SaaS landing page
Who uses it: Product marketer or designer laying out a new feature page
[Header] Logo + Nav + Sign Up button
[Hero] Headline + 2-line sub + demo button
[Social proof] 5 company logos
[Features] 3-col grid: icon + title + 2 lines
[How it works] 3-step numbered flow
[Pricing] 3 cards + FAQ accordion
[Footer] Links + newsletter
Why this works: Wireframing the landing page structure first prevents the common mistake of designing each section in isolation and then discovering the overall page has no clear visual hierarchy.
Mobile onboarding flow
Who uses it: UX designer mapping the first-run experience for a mobile app
Screen 1: Welcome + Get started CTA
Screen 2: Permission request (notifications)
Screen 3: Profile setup form
Screen 4: Interest selection (chips)
Screen 5: Home screen (empty state)
Why this works: Wiring the onboarding as a screen-by-screen flow makes it easy to count the steps a new user must complete and identify any that can be removed or deferred.
Analytics dashboard
Who uses it: Product manager or developer designing an internal data tool
[Top bar] Date range picker + export button
[KPI row] 4 metric cards: revenue, users, churn, NPS
[Chart row] Line chart (left 60%) + donut (right 40%)

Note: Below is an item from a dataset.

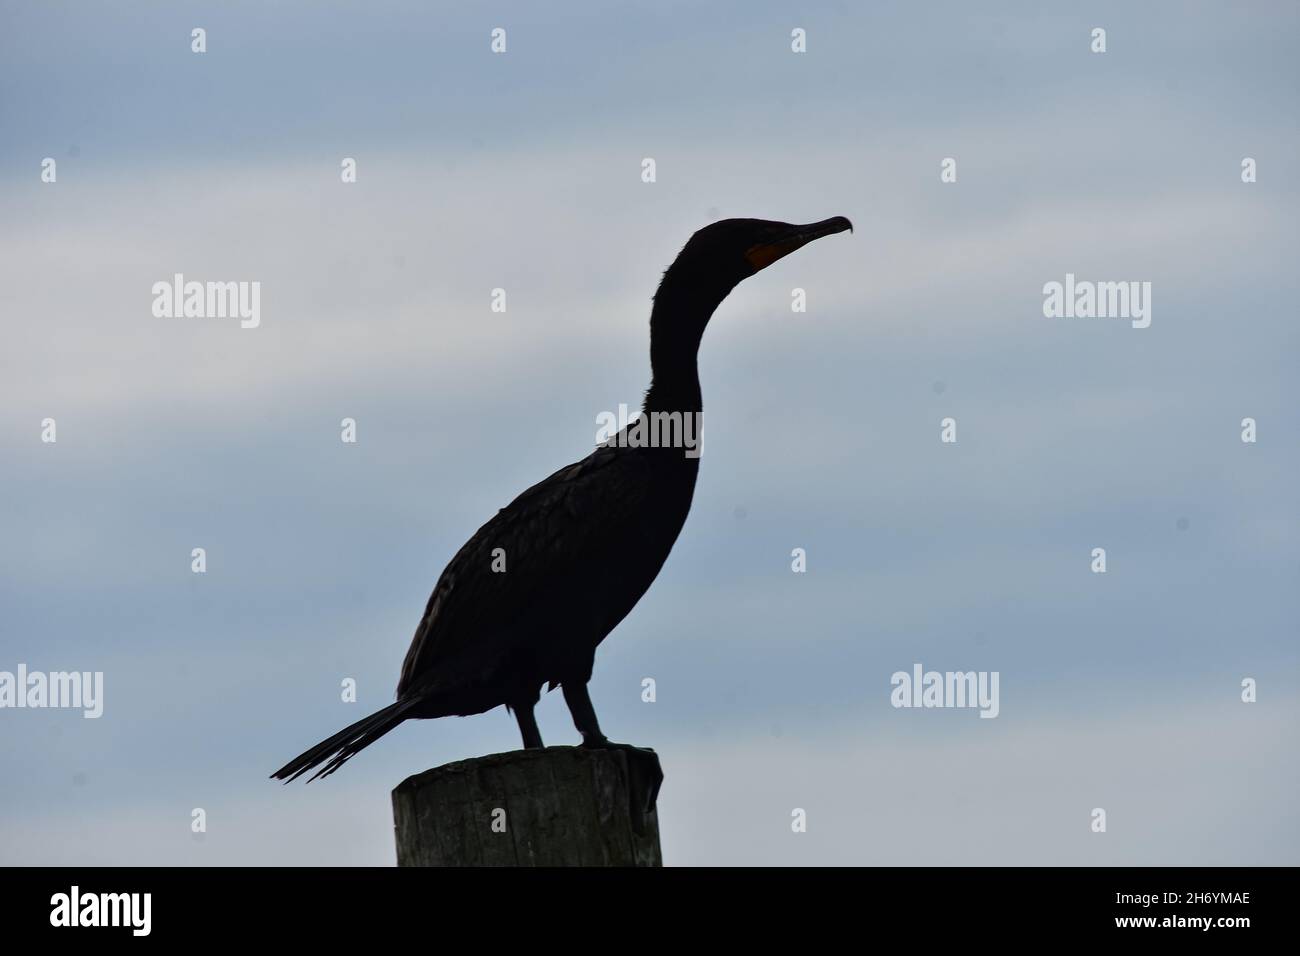 Silhouette of a Double-crested Cormorant (Phalacrocorax auritus) standing on a piling. Copy space. Stock Photo

[Table] Sortable data grid with pagination
[Sidebar] Filter panel with checkboxes
Why this works: Blocking out the dashboard grid first prevents engineers from building beautiful charts that nobody can find because the layout buries them below the fold.
E-commerce checkout
Who uses it: UX designer or developer reducing cart abandonment
Step 1: Cart review + promo code field
Step 2: Shipping address form
Step 3: Delivery method selection
Step 4: Payment details
Step 5: Order summary + place order CTA
Confirmation: Order number + next steps
Why this works: A step-by-step wireframe makes it obvious when the checkout has too many screens — if users have to make more than four decisions before paying, conversion typically drops.
Admin panel with sidebar nav
Who uses it: Developer or designer building an internal tool
[Sidebar] Logo + nav items + user avatar
[Main area] Page title + action buttons
[Data table] Columns + filters + bulk actions
[Modal] Edit form triggered from table row
Why this works: Separating sidebar navigation from the main content area in the wireframe stage clarifies which nav items are global and which are context-specific, avoiding a cluttered sidebar later.
Article or blog post layout
Who uses it: Content strategist or developer building a CMS template
[Header] Publication name + nav
[Hero image] Full-width
[Title + author + date]
[Body] Text with inline images
[Sidebar] Related articles + ad slot
[Footer] Tags + comment section
Why this works: Wireframing the reading experience before building the CMS template helps align the content team and developers on how much flexibility authors actually need.